Est-ce que son mari se déguiserait ? Marjorie l’imagine en Diafoirus et réprima un sourire. Cet habit aurait mieux convenu à son mari, mais ce dernier, comme toujours, se déguiserait en Napoléon d’asile psychiatrique, avec un entonnoir sur la tête en guise de bicorne. Chaque année, il faisait un succès avec. On trouvait d’un humour parfait de ne pas prendre au sérieux son métier de psychiatre.
— Ringo, apportez-nous quelque chose à grignoter…
— Je n’ai pas grand-chose… Des olives farcies, des moules à l’escabèche.

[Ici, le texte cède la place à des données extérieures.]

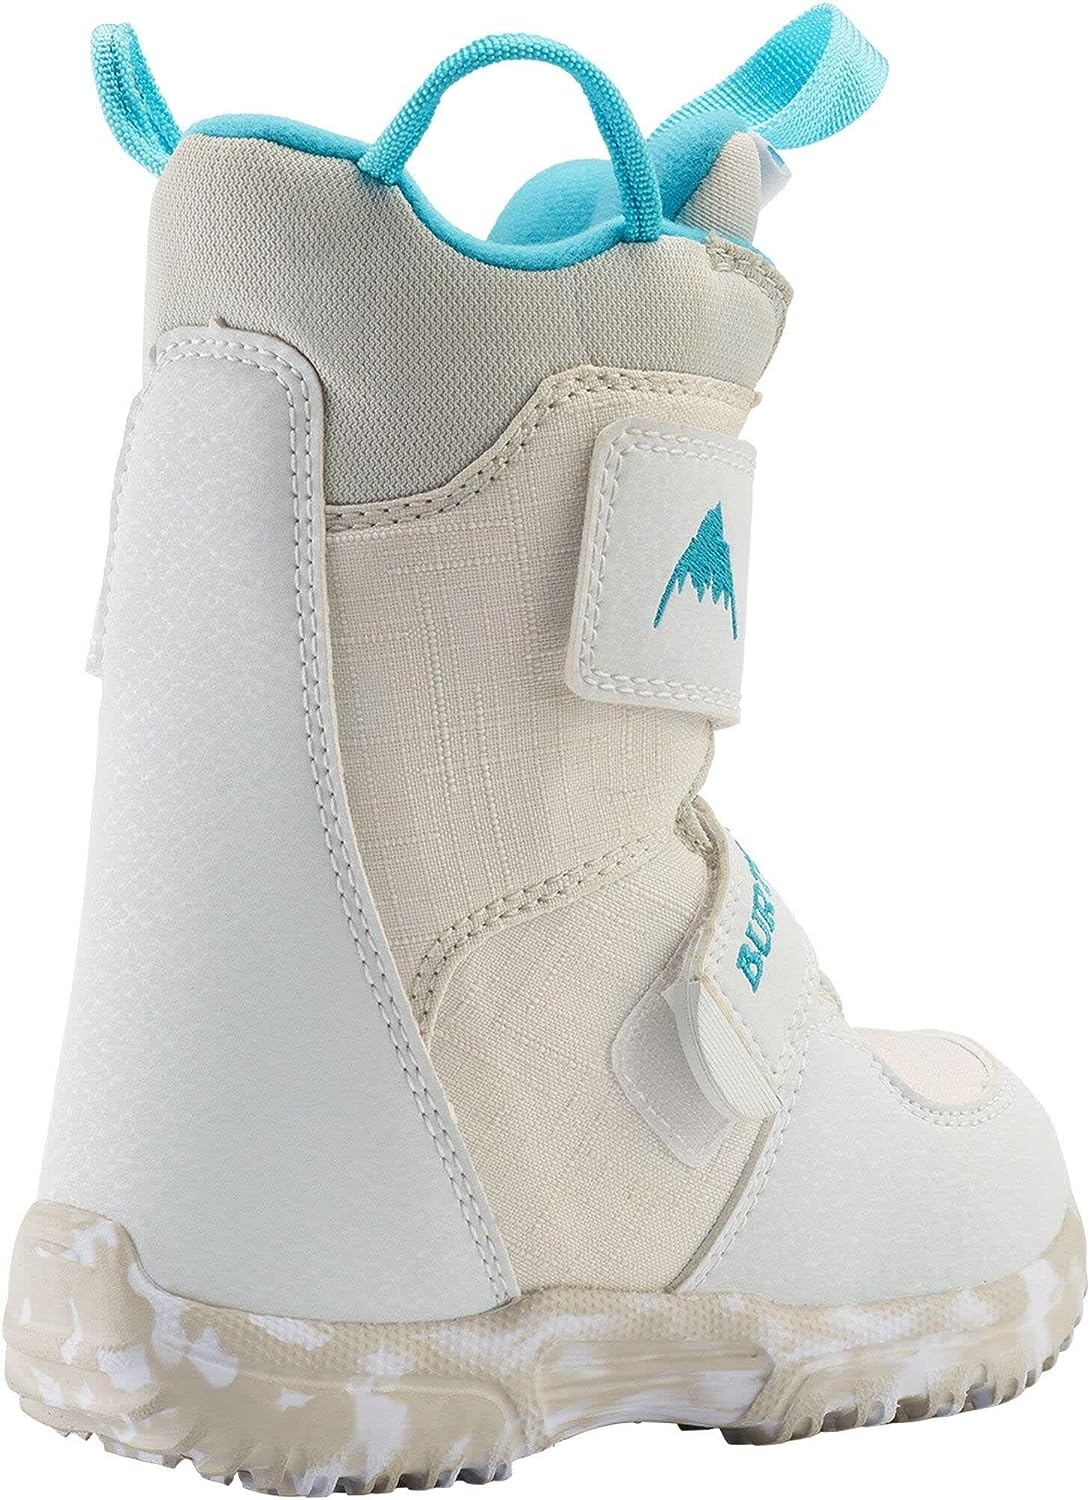 BURTON Burton Toddlers' Mini Grom Snowboard Boots 24

— Parfait… Et renouvelez ces consommations.
Les quatre affreux, malgré le vacarme des flippers, avaient tout entendu et rappliquèrent. Marjorie se demandait si Pauline ne comptait pas sur cette nourriture gratuite pour économiser sur ses dîners.
— Mon Dieu, j’aurais dû prendre la voiture, murmura Vicky au moment de mettre le nez dehors. Je ne supporte pas ce sable dans le visage et les cheveux.
— Vous n’habitez pas si loin, répondit Pauline Bosson. Je vais vous raccompagner.
— Ce n’est pas la peine, Arturo prend le même chemin que moi.
Pauline comprit parfaitement et partit avec Marjorie. Peut-être espérait-elle vaguement une invitation de dernier moment.
— Vous êtes seule, ce soir ?
— Je ne sais pas, répondit prudemment Marjorie qui ne comptait nullement la faire monter chez elle avec sa horde.
— Vous savez que votre pyramide est la moins habitée, l’hiver ? Combien y a-t-il d’appartements ouverts ? Et pour la plupart, ce sont de vieilles personnes qui ne sortent pas souvent.
— Auriez-vous peur à ma place ? demanda Marjorie soudain frappée par cette réflexion.
— Oh ! je ne dis pas ça, mais tout de même…
Marjorie la quitta assez brusquement, se demandant si la grosse Bosson n’était pas chargée de l’inquiéter… Cette blague finirait par devenir odieuse.
En enfonçant sa clé dans la serrure de sa porte, elle baissa machinalement les yeux et vit les gouttes de liquide sombre. Sans même avoir besoin de le vérifier, elle sut que c’étaient des gouttes de sang.